Background: VERxVE data showed non-inferior virologic efficacy with extended release nevirapine (NVP-XR) dosed 400 mg once daily (QD) versus immediate release nevirapine (NVP-IR) 200 mg twice daily in a double-blind, non-inferiority study in treatment-naïve HIV-1-positive patients.
Objective: To study the pharmacokinetics (PK) of the NVP formulations and identify possible associations with demographic factors.
Methods: Patients with viral load ≥1000 copies/mL and CD4+ count > 50- <400 cells/mm3 (males) and >50- <250 cells/mm3 (females) at screening received NVP-IR 200 mg QD during a 14-day lead-in and were then stratified by baseline viral load and randomized to NVP-XR or -IR. NVP trough concentrations at steady state (SS) (Cpre,ss,N) were measured up to week 48 for all participating patients. In a PK sub-study, SS parameters - AUC0-24, Cmax, Cmin, and peak-to-trough fluctuation were obtained and analyzed with relative bioavailability assessed at week 4 by plasma collection over 24 h.

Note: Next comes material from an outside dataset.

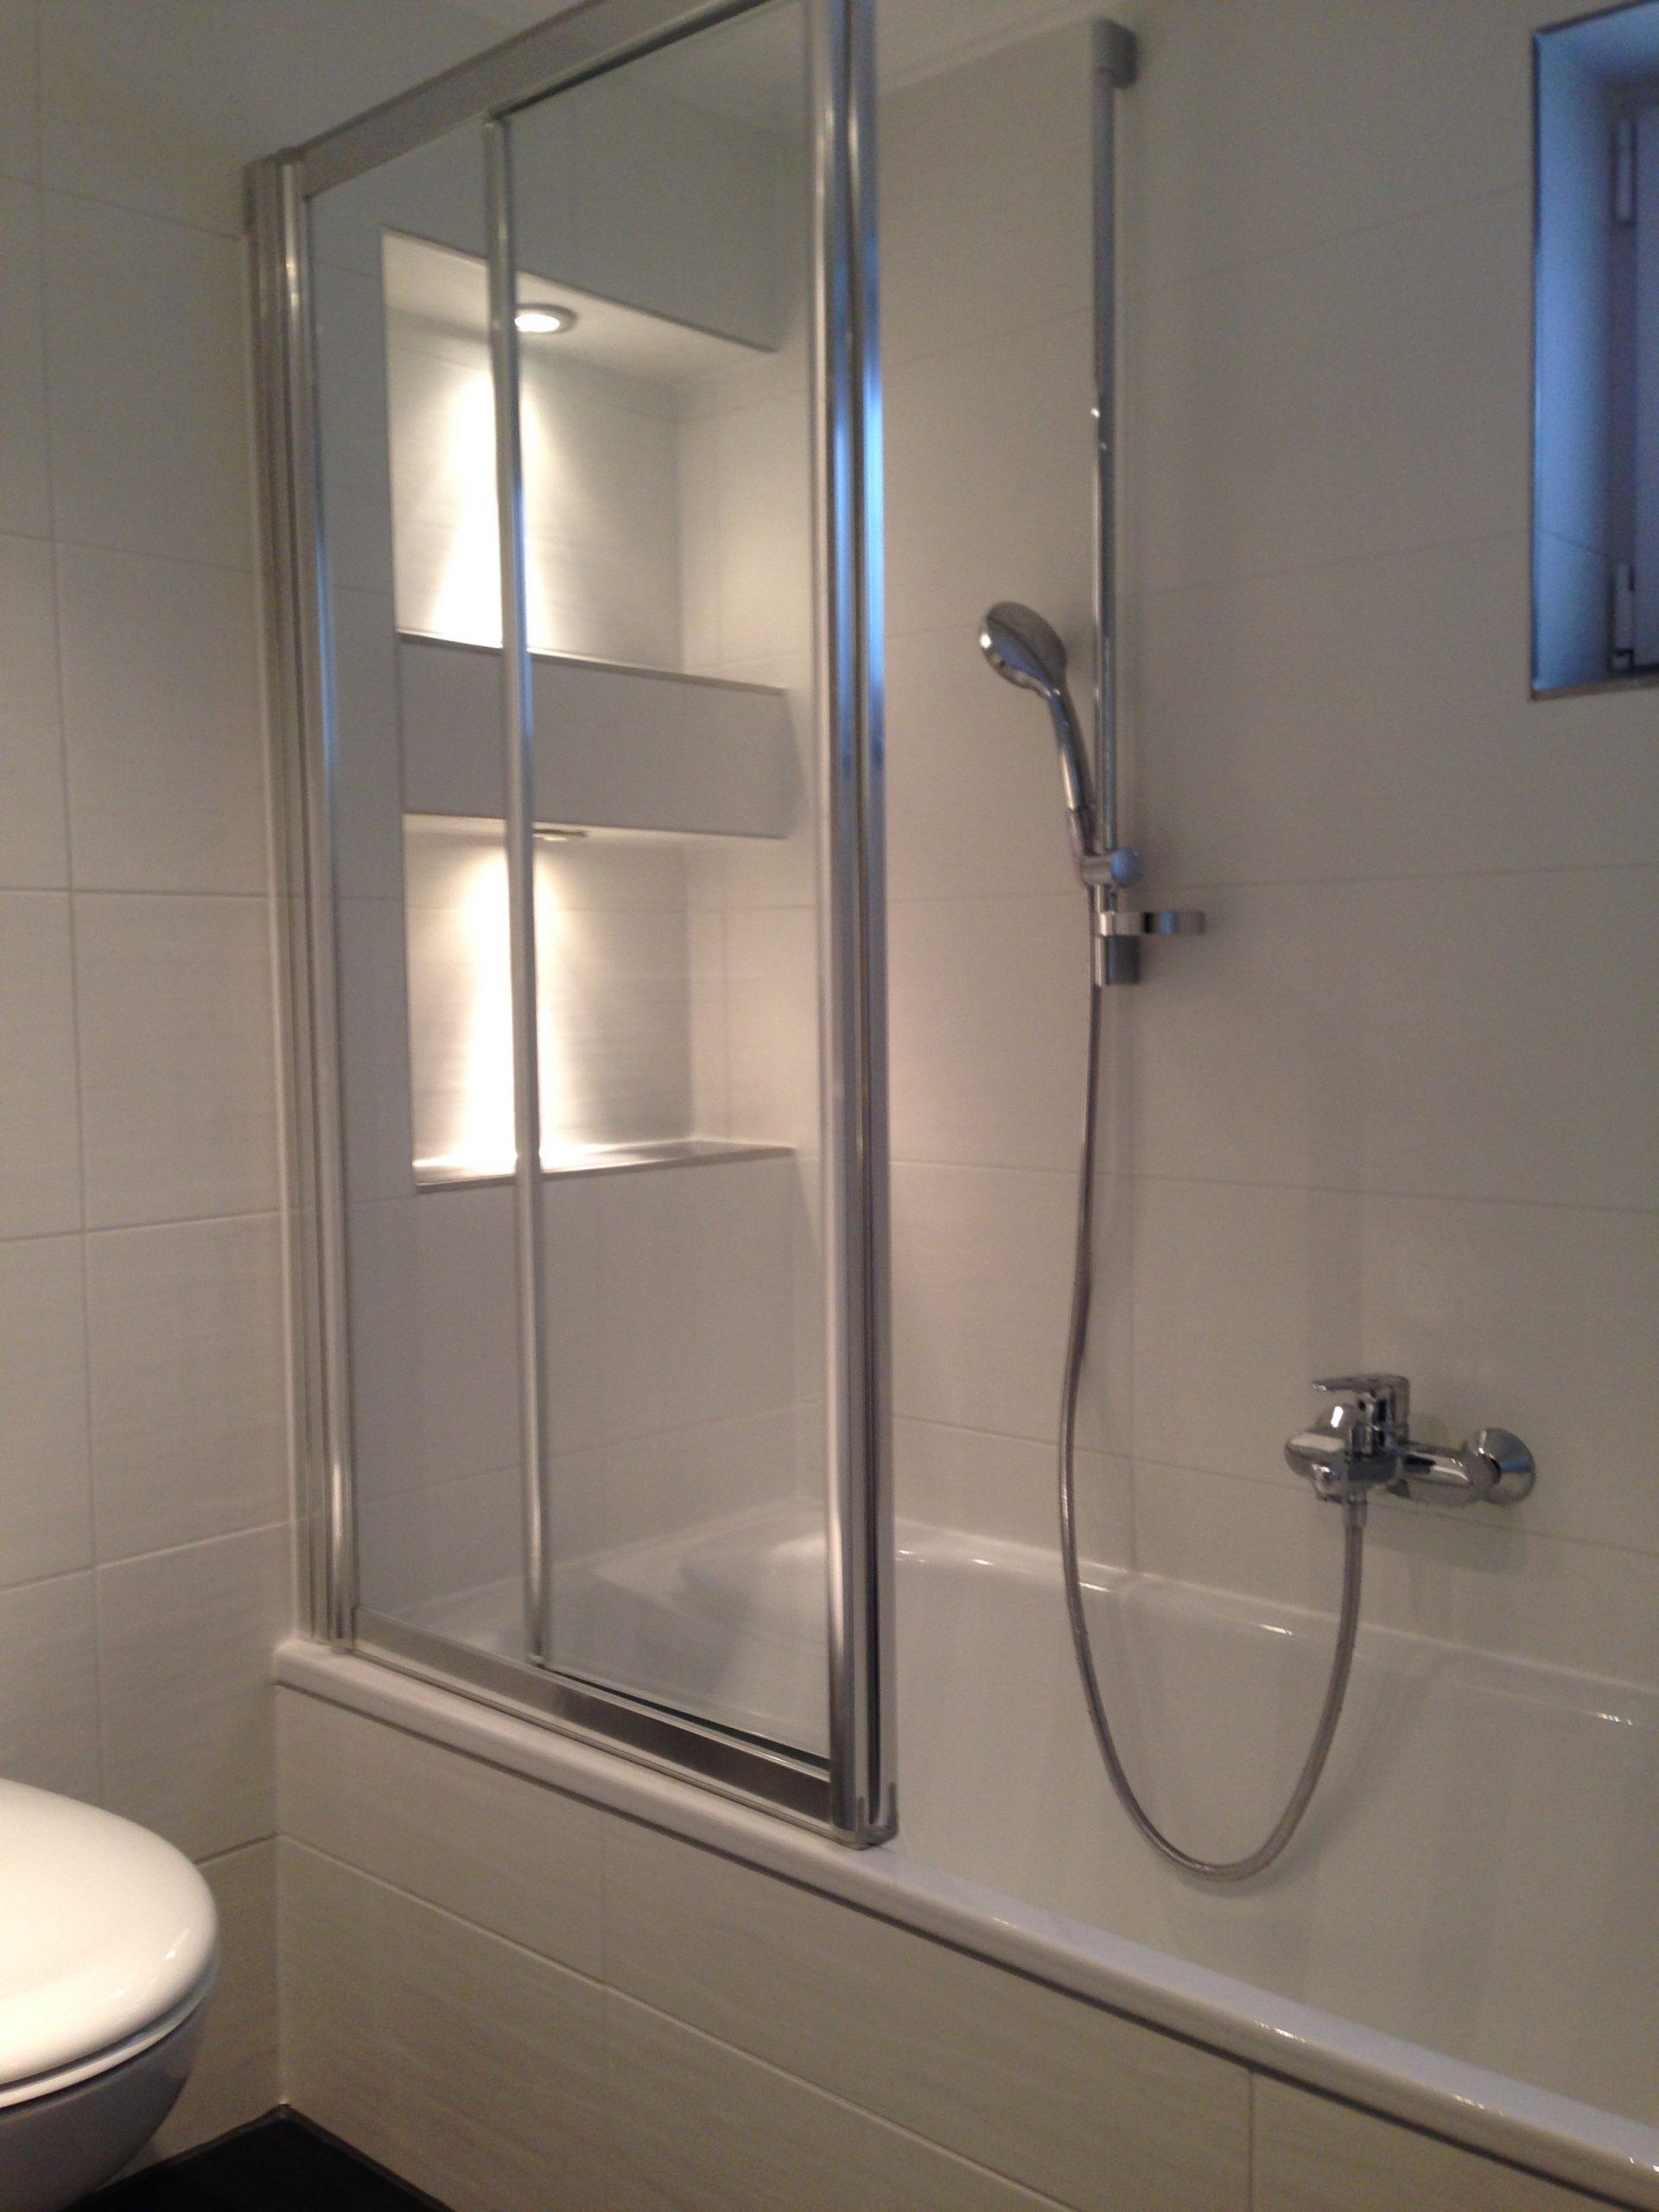 Duschbadewanne nach Renovierung

Results: Trough concentrations were stable from week 4 to week 48 for all patients (n = 1011) with both formulations, with NVP-XR/IR ratios of 0.77-0.82. Overall, 49 patients completed the PK sub-study: 24 XR and 25 IR. NVP-XR showed less peak-to-trough fluctuation (34.5%) than IR (55.2%), and lower AUC0-24, Cmin, Cmax, and trough concentrations than IR. However, no effect of SS trough concentrations was found on the virologic response proportion at least up to 1000 ng/mL. No significant association was found between NVP PK and gender, race, and viral load.
Conclusion: These data suggest NVP-XR achieves lower but effective NVP exposure compared with NVP-IR.
Keywords: Bioavailability; Extended release; HIV; Immediate release; Nevirapine; Pharmacokinetic; Virologic efficacy.